Most people who have been to college have encountered modern logic somewhere along the way, usually in a mathematics class. While traditional or classical logic sticks close to human language, modern logic favors formulations such as “P ⊃ Q” (which means “If P, then Q”), “P ∨ Q” (“Either P or Q”), and “P ∧ Q” (“P and Q”).

In practice, the systems look very different. The symbolic, mathematical look of modern logic is a striking contrast to the traditional logic’s emphasis of ordinary human language. It was Veatch’s point that the difference between the two systems was not just cosmetic—that, in fact, modern logic reflects a particular worldview, one much different than that assumed by traditional logic.

Modern logic was a product of the logical positivism that became popular in the 1920s through the work of Bertrand Russell, Ludwig Wittgenstein, and A. J. Ayer (this was the “neo-analytic philosophy” of Veatch’s title).
In one sense, logical positivism was an outworking in philosophy of the religion of science—the idea that the only legitimate avenue to truth was through either mathematics or natural science. In the case of the positivists, this took the form of the belief that the only logically meaningful statements were either statements that were true by definition or statements that could be empirically verified.

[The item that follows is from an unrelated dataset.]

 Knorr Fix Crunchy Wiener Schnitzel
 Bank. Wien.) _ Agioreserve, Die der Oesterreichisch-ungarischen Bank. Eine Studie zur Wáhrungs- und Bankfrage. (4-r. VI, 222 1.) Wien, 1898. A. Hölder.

Under this belief, a statement like “A bachelor is an unmarried male” is logically meaningful because it is true by definition. And the statement “All crows are black” is logically meaningful because it can be checked out scientifically. But the statement “God exists” is not logically meaningful because it is neither true by definition nor can it be empirically verified. The statement “God exists,” in other words, is neither true nor false: It is simply meaningless.

It was this view of meaning and language that flowed into the development of modern logic. Its central manifesto was the book Principia Mathematica, written by Bertrand Russell and Alfred North Whitehead, a book that became required reading in philosophy programs until the late twentieth century. And lurking in the authorial background was Wittgenstein, whose book Tractatus Logico-Philosophicus had infiltrated the thinking of the two authors.

The Tractatus, as it came to be known, cast a sterile and frightening vision of a world bereft of meaning and purpose. “The world,” said Wittgenstein, “is everything that is the case.” In other words, the only meaning in the world is formal logical meaning, which consists exclusively of definitional and scientific truths as they are expressed in logical propositions.

For the logical positivists, truth was merely a property of propositions. Under this philosophical regime, “truth” became “truth value”—the assigning to a statement of either a “T” (True) or an “F” (False). In fact, it was Wittgenstein who invented “truth tables,” a mechanism of modern logic whereby the truth or falsity of a statement could be determined solely on the basis of the truth value of its components.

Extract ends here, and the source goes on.